Esta tarde, vamos con la segunda parte. Mirando el programa, no puedo ser demasiado optimista, la verdad, aunque al menos parece que en uno de los cortos se habla de Nietzsche y, mira, eso ya es algo.

lunes, marzo 16, 2015

Medina del Campo III. Todos están muertos


Son las once y media de la noche de un domingo y el Auditorio no está lleno pero casi. Supongo que entre semana el entusiasmo se reducirá pero me parece prodigioso que tantísima gente esté dispuesta a acostarse hasta la una y media como poco solo para ver una película que, por otro lado, pueden ver en su casa gracias a Filmin. Todo sea por retrasar el lunes. El corto previo, el de Javier Fesser, ha gustado mucho y el público está con ánimo de humor, de risotada, de sonrisa inocente cuando menos... pero "Todos están muertos" les da muy poco de eso y les mete en un universo turbio que hace la noche un poco más larga.

Empecemos por partes: la fascinación de los treintañeros por los años ochenta es curiosísima. Supongo que en parte echamos de menos la sencillez aparente de esa década. Una sencillez melódica, una sencillez vital, un hedonismo constante cuyas consecuencias las veríamos más tarde, cuando ya éramos adolescentes. Aparte, claro está, hay que sumar la experiencia propia: para nosotros, a los cinco o diez años, todo era facilísimo, ¿cómo no volver una y otra vez a ese momento mágico de sintetizadores y ropa arrugada? Me apasiona el concepto de "elegancia" que manejaban casi todos los protagonistas de la época. La importancia de la estética y a la vez la convención de que la elegancia dependía de uno mismo y no de Zara y por lo tanto había que inventársela. Inicios de Radio Futura, ya saben.
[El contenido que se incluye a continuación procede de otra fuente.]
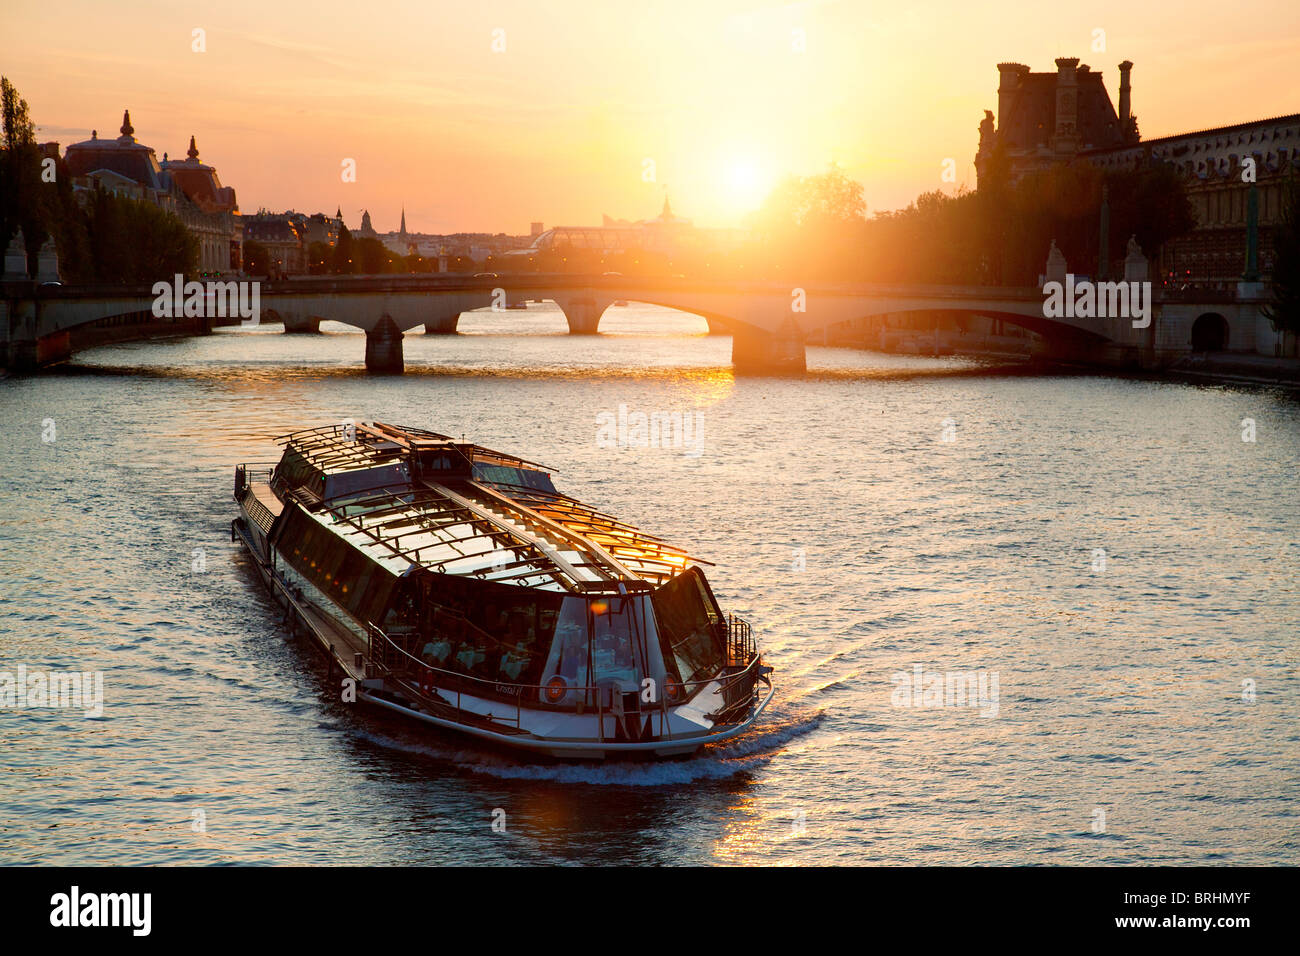 Europa, Frankreich, Paris, Touristenboot am Seineufer bei Sonnenuntergang Stockfoto

En "Todos están muertos", esa elegancia ya se ha perdido con el cambio de década. Es la resaca de una fiesta que ha acabado mal. Sanchís no hace concesiones, además. Sin llenar este post de spoilers baste con decir que todo el mundo es infeliz o lo parece. Algo muy noventero, si lo piensan. La sencillez se acabó para siempre y en vez de hacer un "Promoción fantasma", con Alexandra Jiménez intentando ella misma volver al pasado, Sanchís dibuja a una Elena Anaya que parece Iván Zulueta en sus últimas imágenes antes de morir: encerrado en casa, con la bata siempre puesta, la madre recogiendo lo que su hijo va dejando por ahí...

Por lo demás, ya digo, muchas cosas turbias y no siempre justificadas, como si el metraje se quedara corto para la idea inicial y hubiera que soltar bombas de repente, desde el aire. No fue un tiempo perdido, en absoluto, pero es posible que más de uno saliera del cine confuso. Yo, desde luego, lo hice.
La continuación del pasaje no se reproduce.